1. Divorcing couples and courts will have to decide what tier to purchase. There are five tiers of coverage provided by the Act: bronze, silver, gold, platinum and catastrophic (catastrophic plans have very high deductibles and essentially provide protection from worst-case scenarios, like a serious accident or extended illness). All offer the same set of essential benefits, but the out-of-pocket costs differ, with bronze plans having the lowest monthly premiums and higher out-of-pocket costs and vice versa for the platinum plans. The percentage of care that plans will cover average: 1) 60% Bronze; 2) 70% Silver; 3) 80% Gold; 4) 90% Platinum.
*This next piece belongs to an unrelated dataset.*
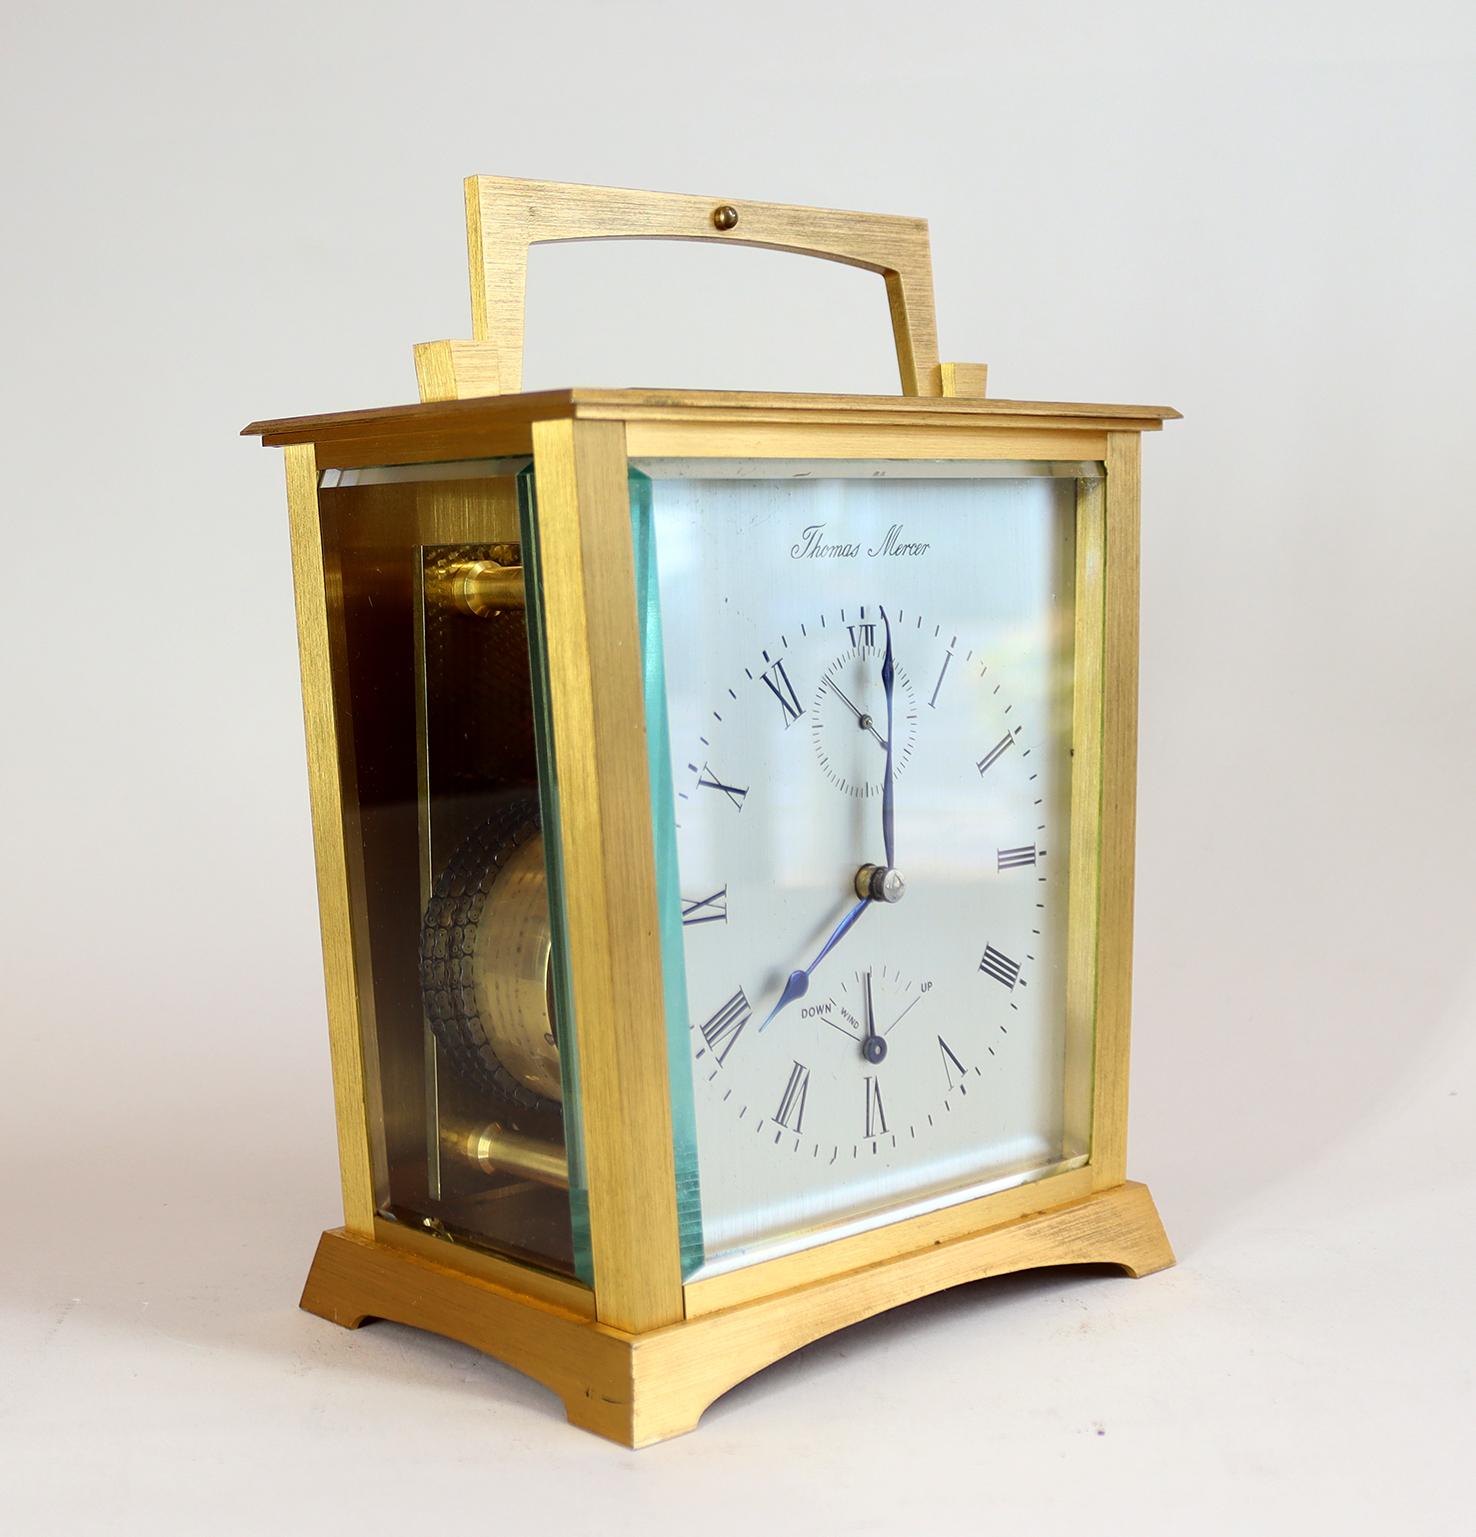 Thomas Mercer Chronometer Carriage Timepiece In Good Condition For Sale In Amersham, GB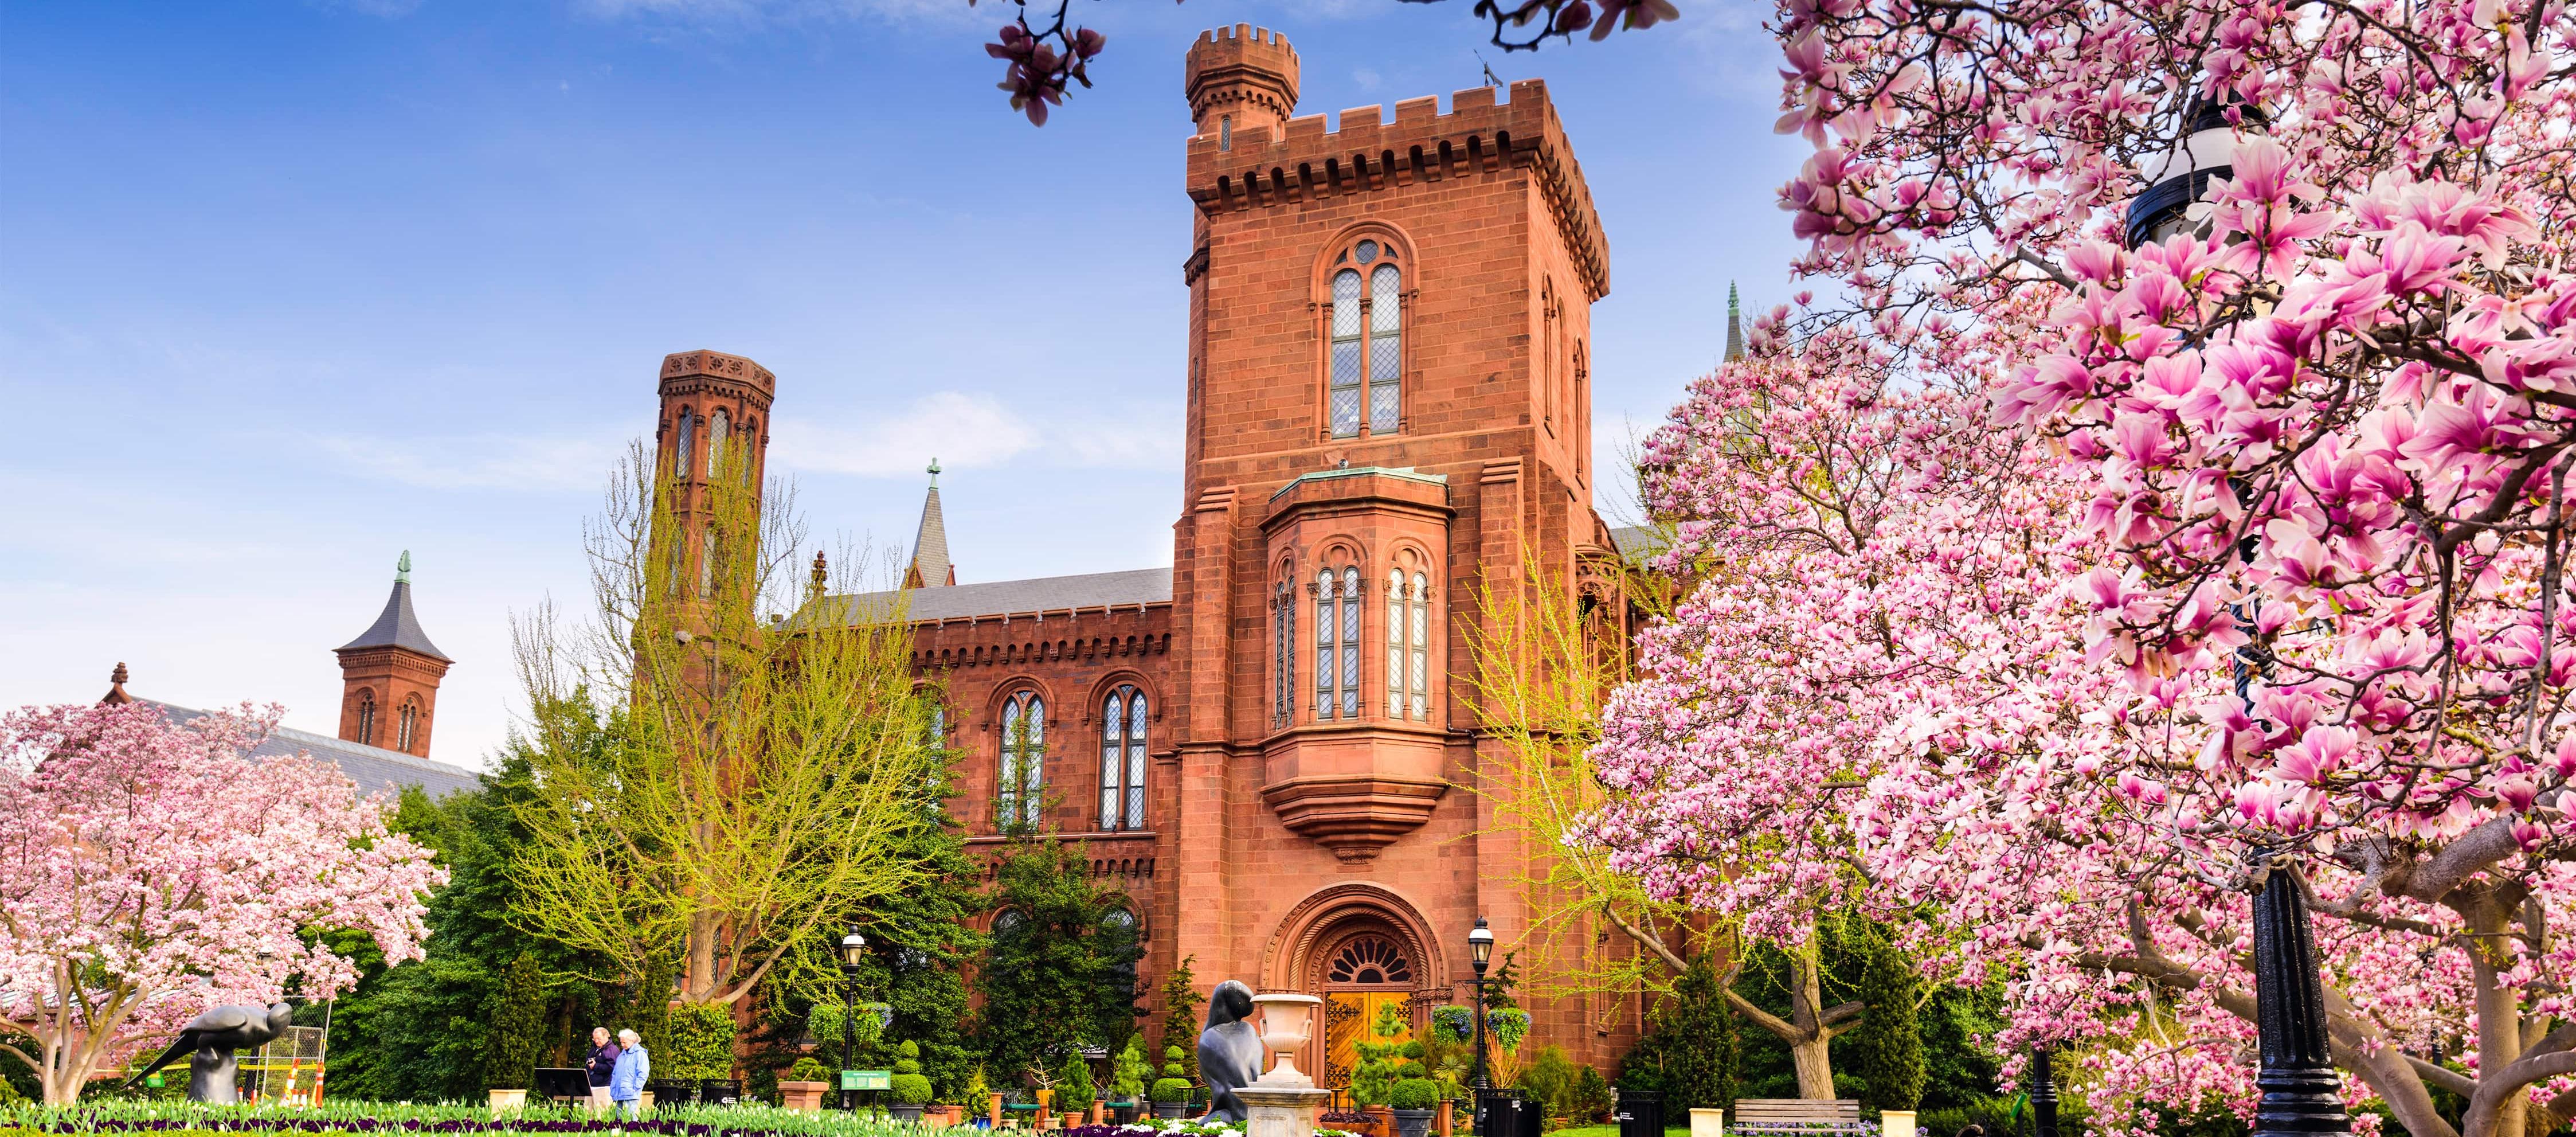 Smithsonian castle garden, red stone building with brick path. pink flowery trees

2. The effect of the subsidies in the law on the individual's obligation to pay for his/her insurance is complicated by the fact that spousal support is taxable income for recipients and tax-deductible for payers.
3. Another subsidy that will need to be factored into calculations is the government tax credit toward insurance coverage. In negotiations, an ex-spouse payer may argue for lower support payments where a spouse does not have workplace-based insurance, and is thus eligible for subsidies. The dependent spouse's eligibility for a subsidy would decrease his or her need for spousal support provided by the former spouse where the government may fill the financial gap in the dependent spouse's ability to pay for insurance. It is unclear whether alimony will be required to take the place of the government subsidy for the dependent spouse.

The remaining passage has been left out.